It's not just 'an' ensemble. In defining an "element of reality" via realism, the argument involves not only the ensemble, but the the set of individual elements that defines that ensemble, and the differences that occur when you switch from detector event "element" counts and individual photon defined count of elements of reality. If the detector count is double counting certain photons, through couterfactual assumptions, then I am removing "ensembles that add to more than 100%". Only the elements of my ensembles is photons, not detector events. To use detector events the photon double counts must be calced, which your negative probabilities can be interpreted as a count of. I've already pointed out your negative "probabilities" are not "probabilities, but case instances, i.e., elements, derived as individual case instances from a probability function. As well as the fact that the definition of those case instances are: when a detection occurs in one, but not neither or both, detectors.

Thus your proof depends on the existence of negative [strike]probabilities[/strike] possibilities.
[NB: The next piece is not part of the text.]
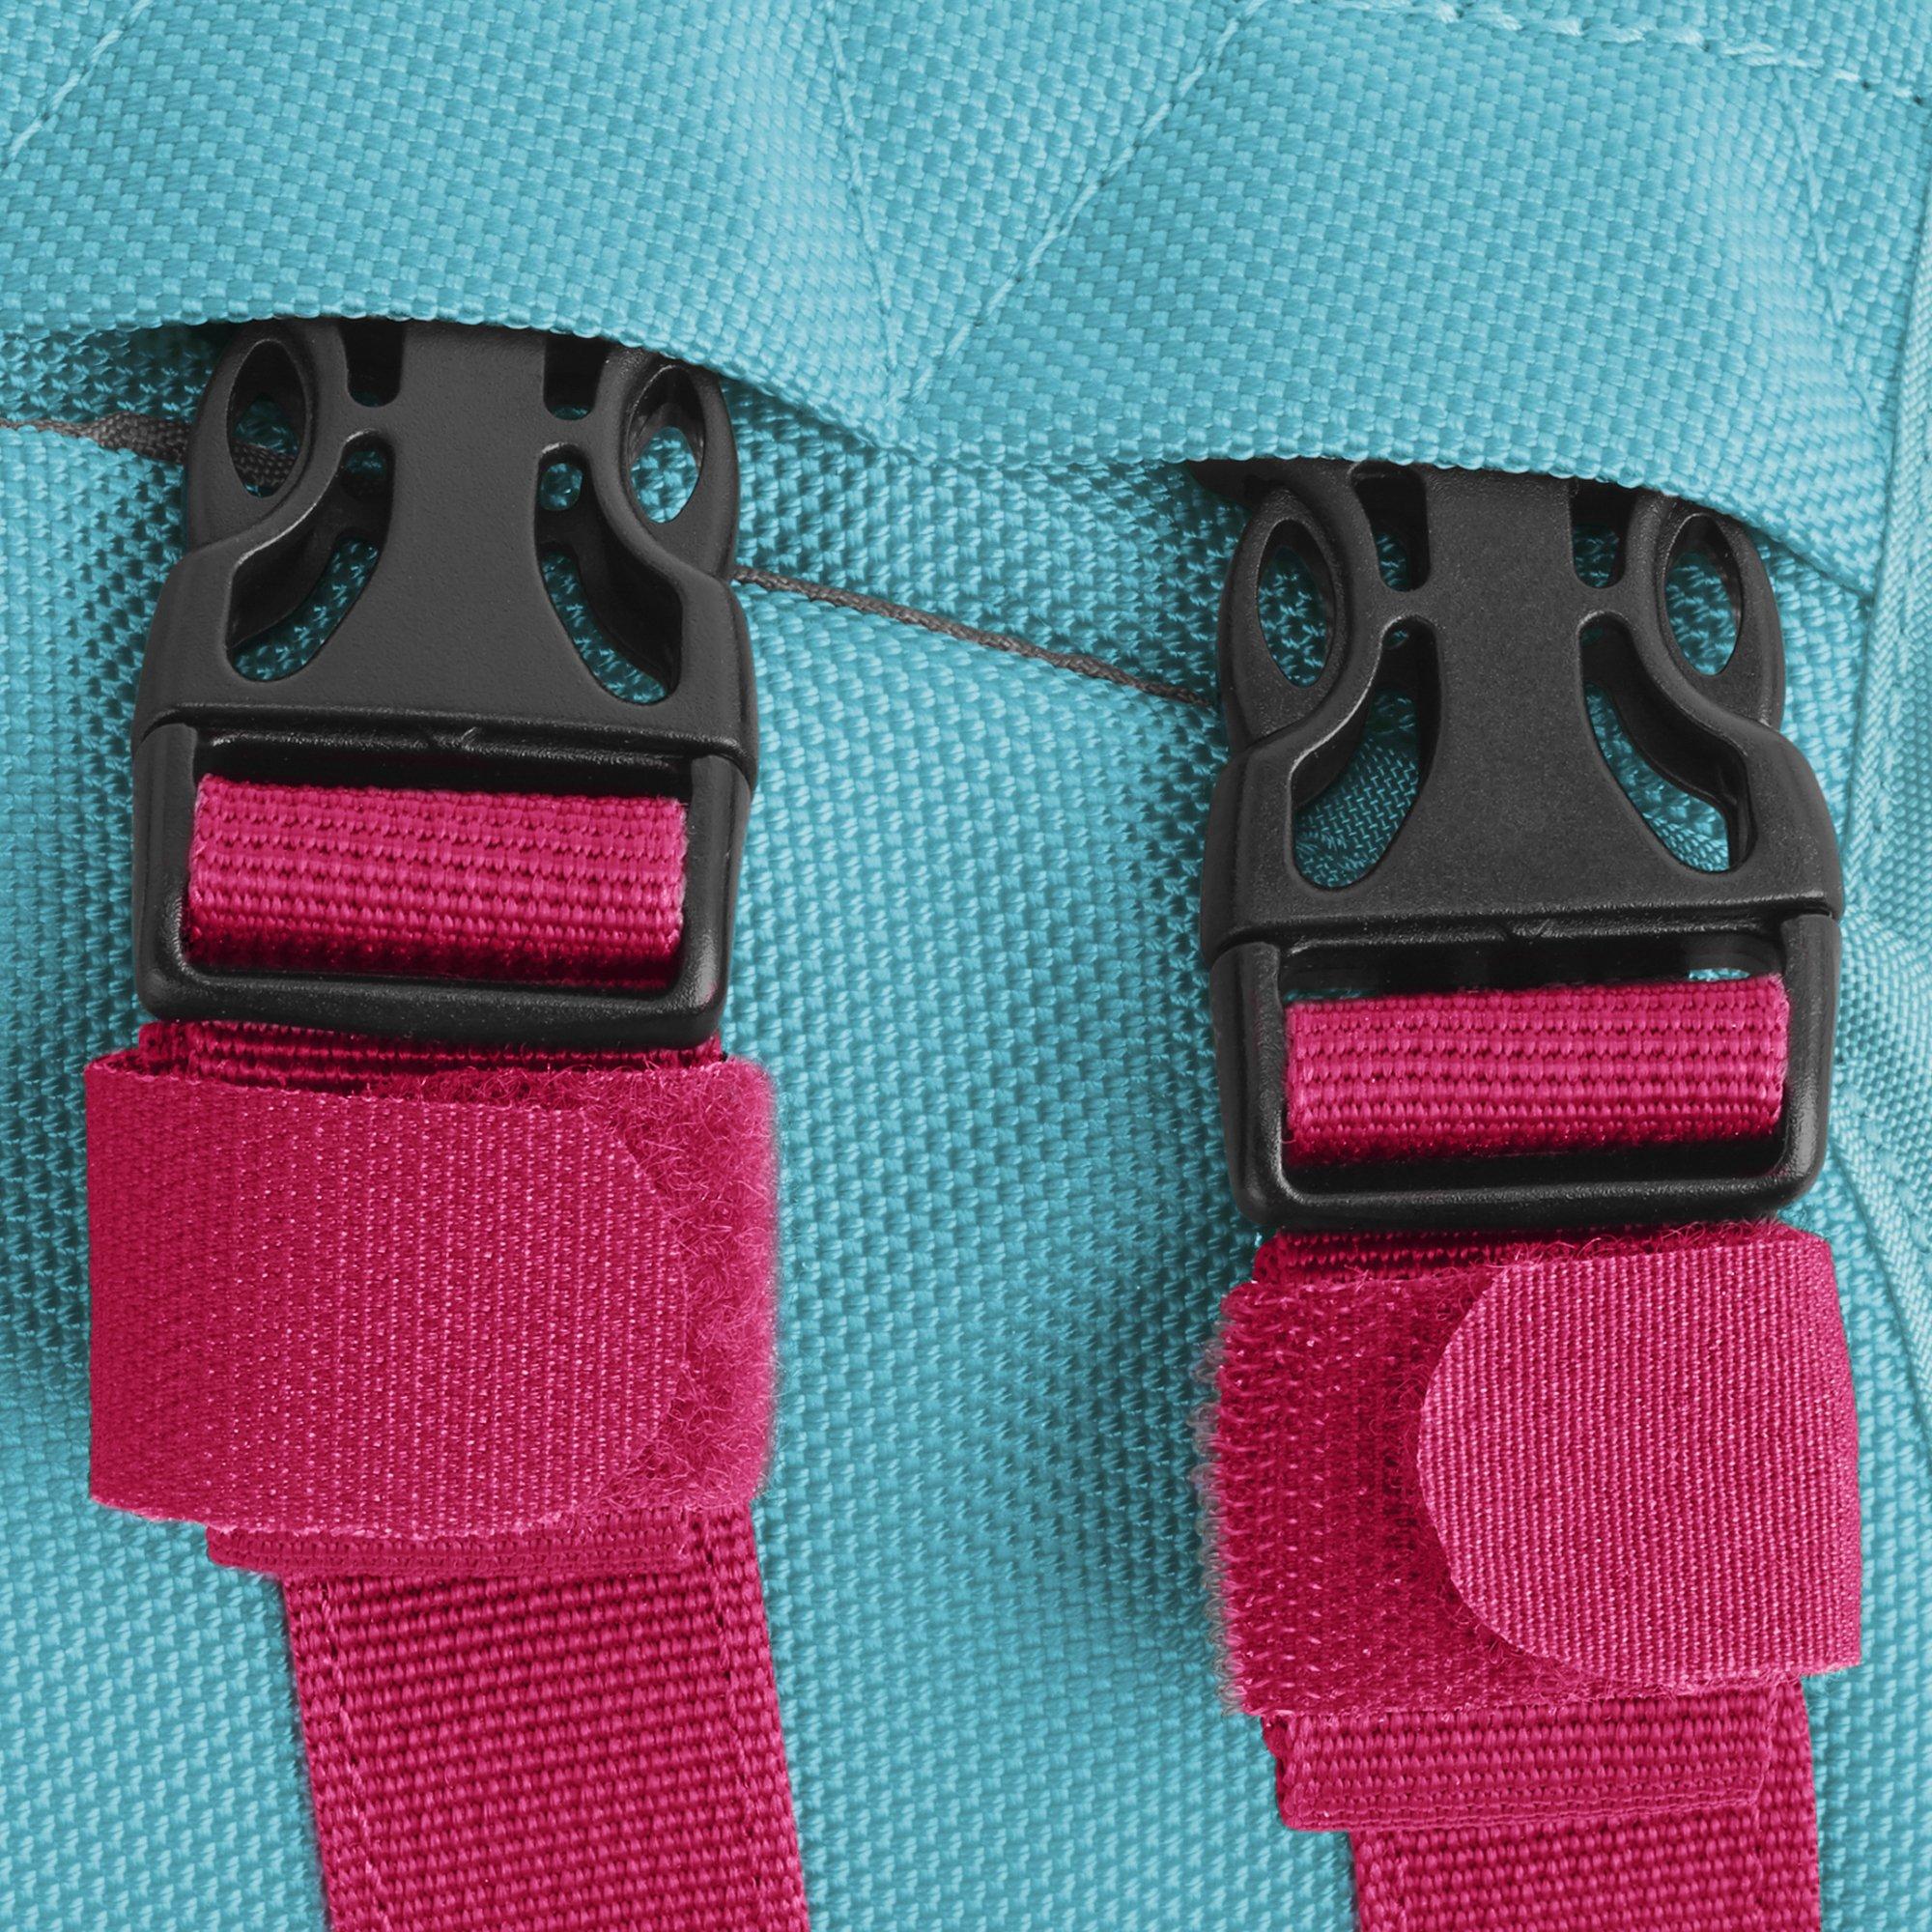 RUFFWEAR - Float Coat Reflective Life Jacket for Dogs, Blue Atoll, Large by RUFFWEAR (Image #4)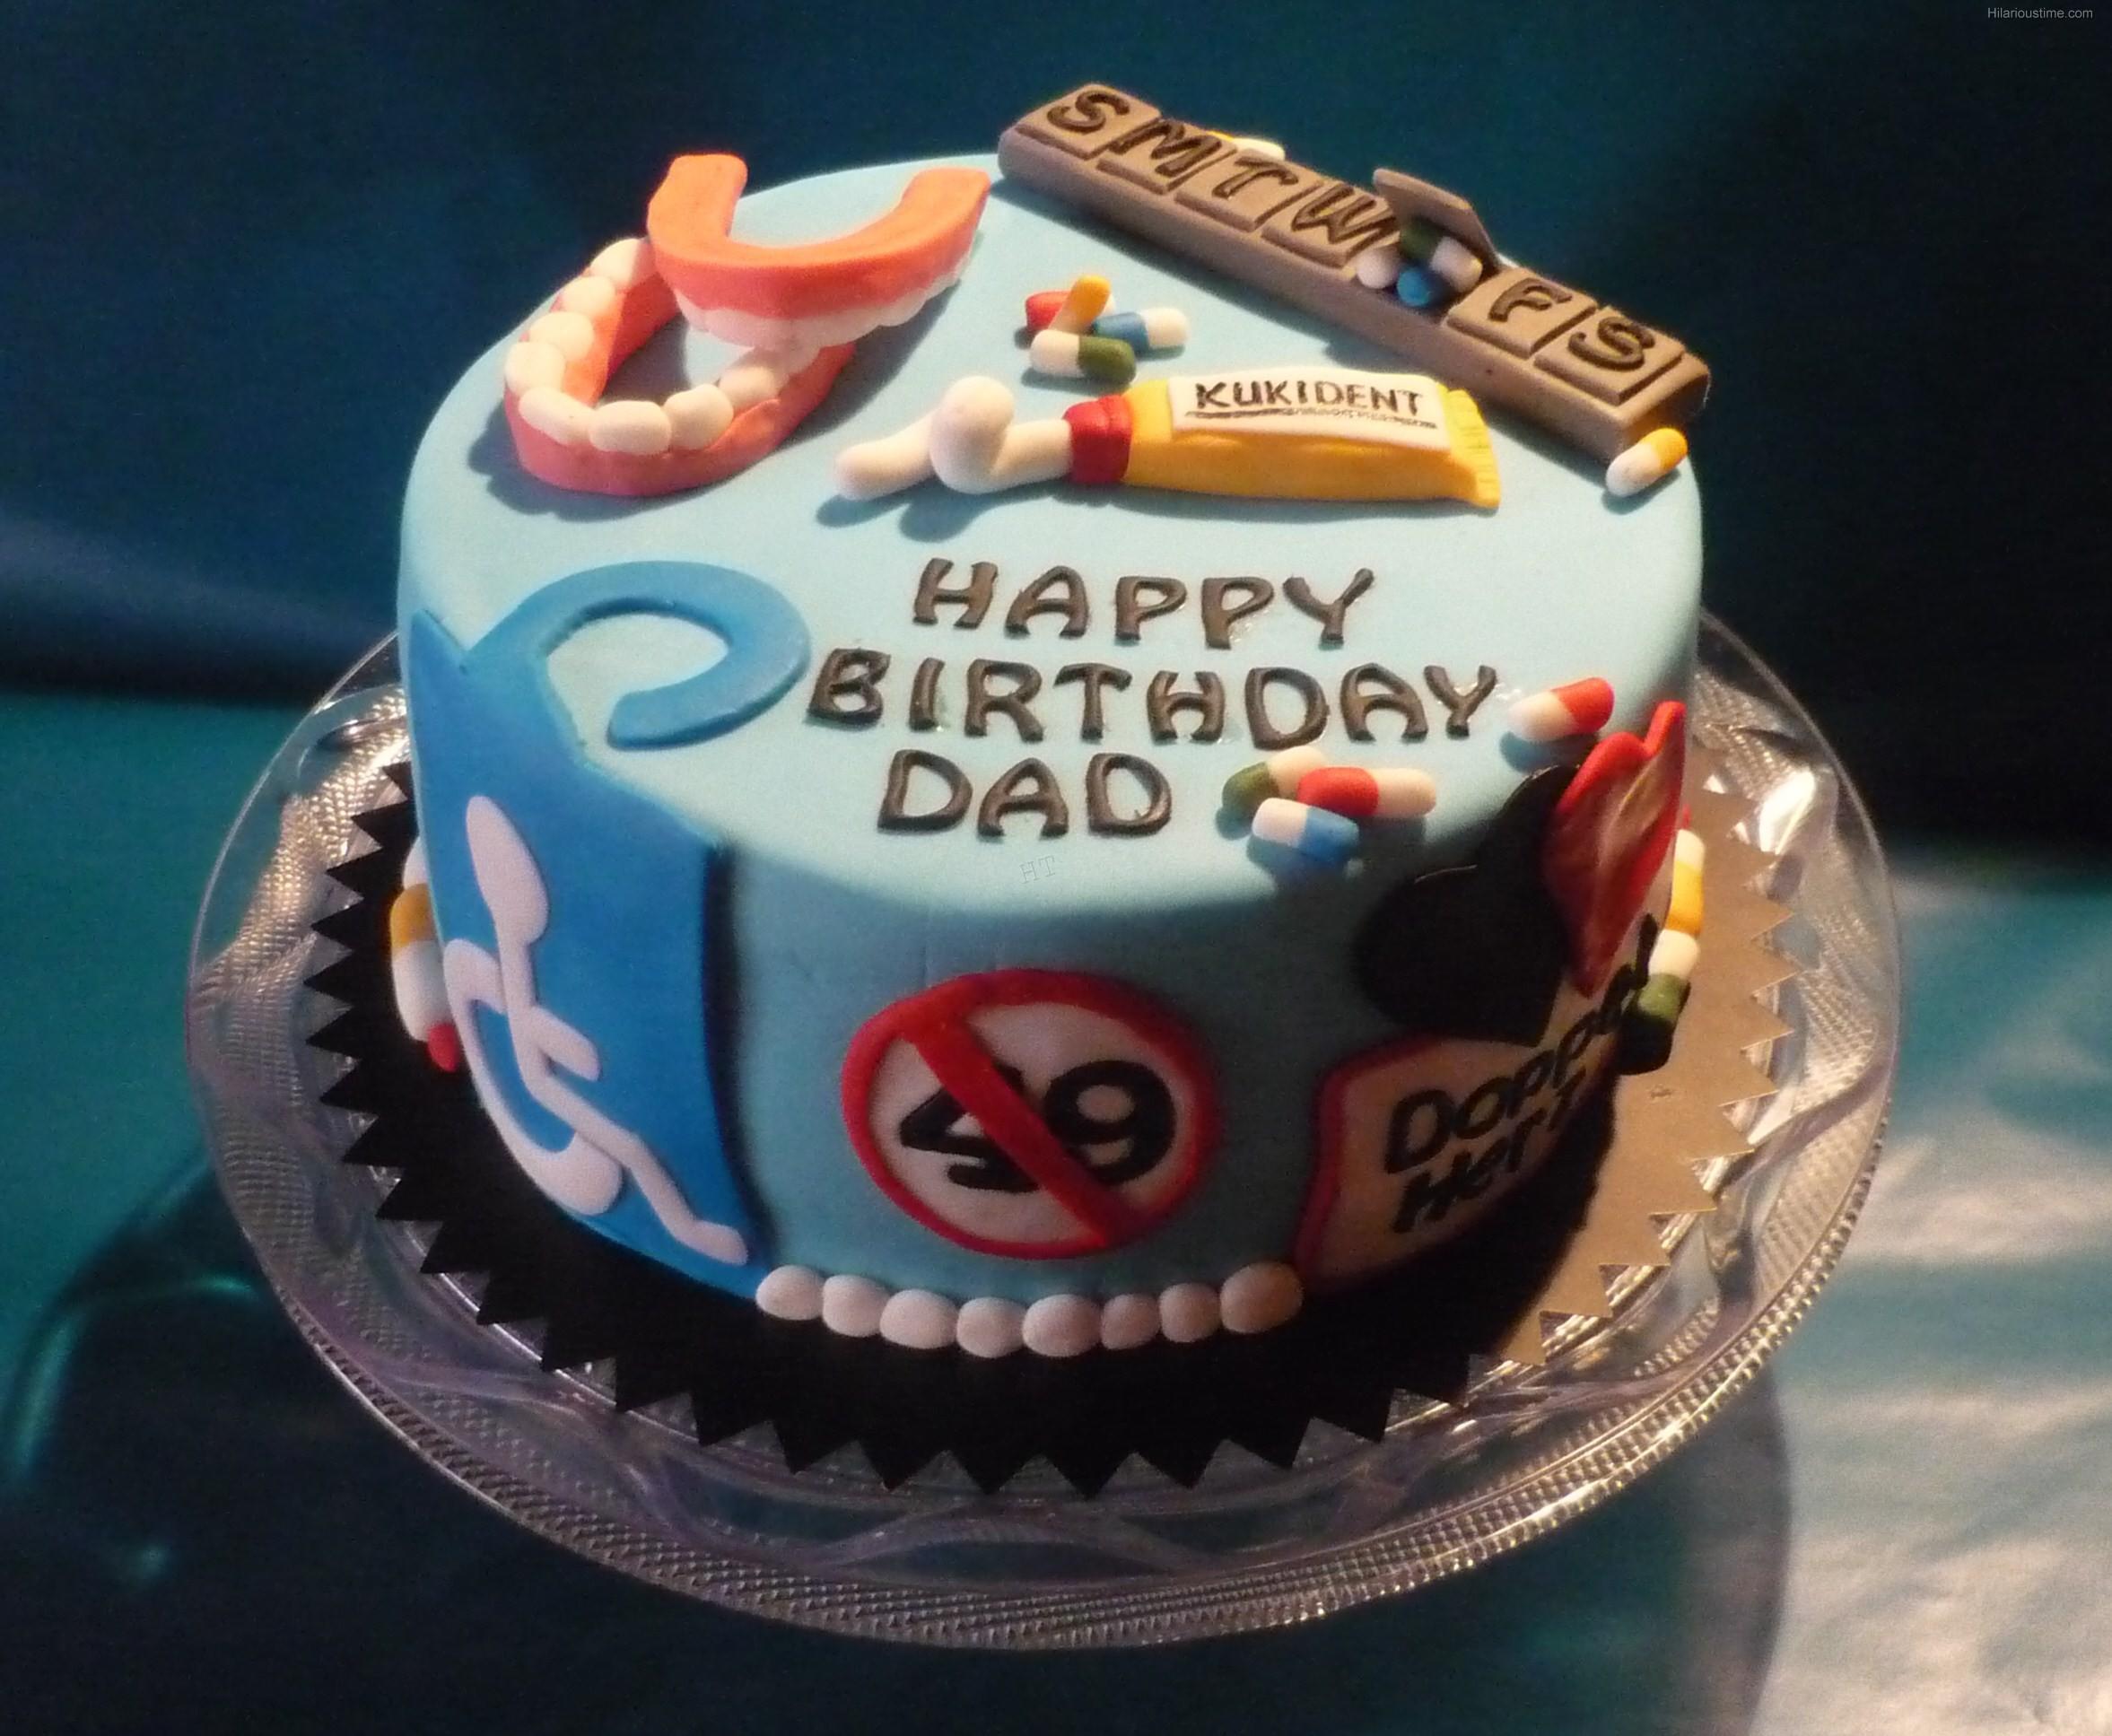 Happy birthday cucky eat your birthday cake

Whereas the interpretation I suggested removes them when the set of individual elements that defines the ensemble is properly counted.
 
  • #565
JenniT said:
Thank you ThomasT, but I am confused. Probably I misunderstand your stand on BT? Are you saying Yes (it is irrefutable, it stands forever), Yes, No, Yes? Is your position logical with your other posts? What about

Q1. Are A and B correlated in EPR settings?

Q2. Does Bell use P(AB|H) = P(A|H).P(B|H)?

Q3. Is P(AB|H) = P(A|H).P(B|H) invalid when A and B are correlated?

Q4. Is the mathematical legitimacy of Bell's theorem debatable?

You asked if the mathematical legitimacy of Bell's theorem is irrefutable. The mathematical form of Bell's theorem is the Bell inequalities, and they are irrefutable. Their physical meaning, however, is debatable.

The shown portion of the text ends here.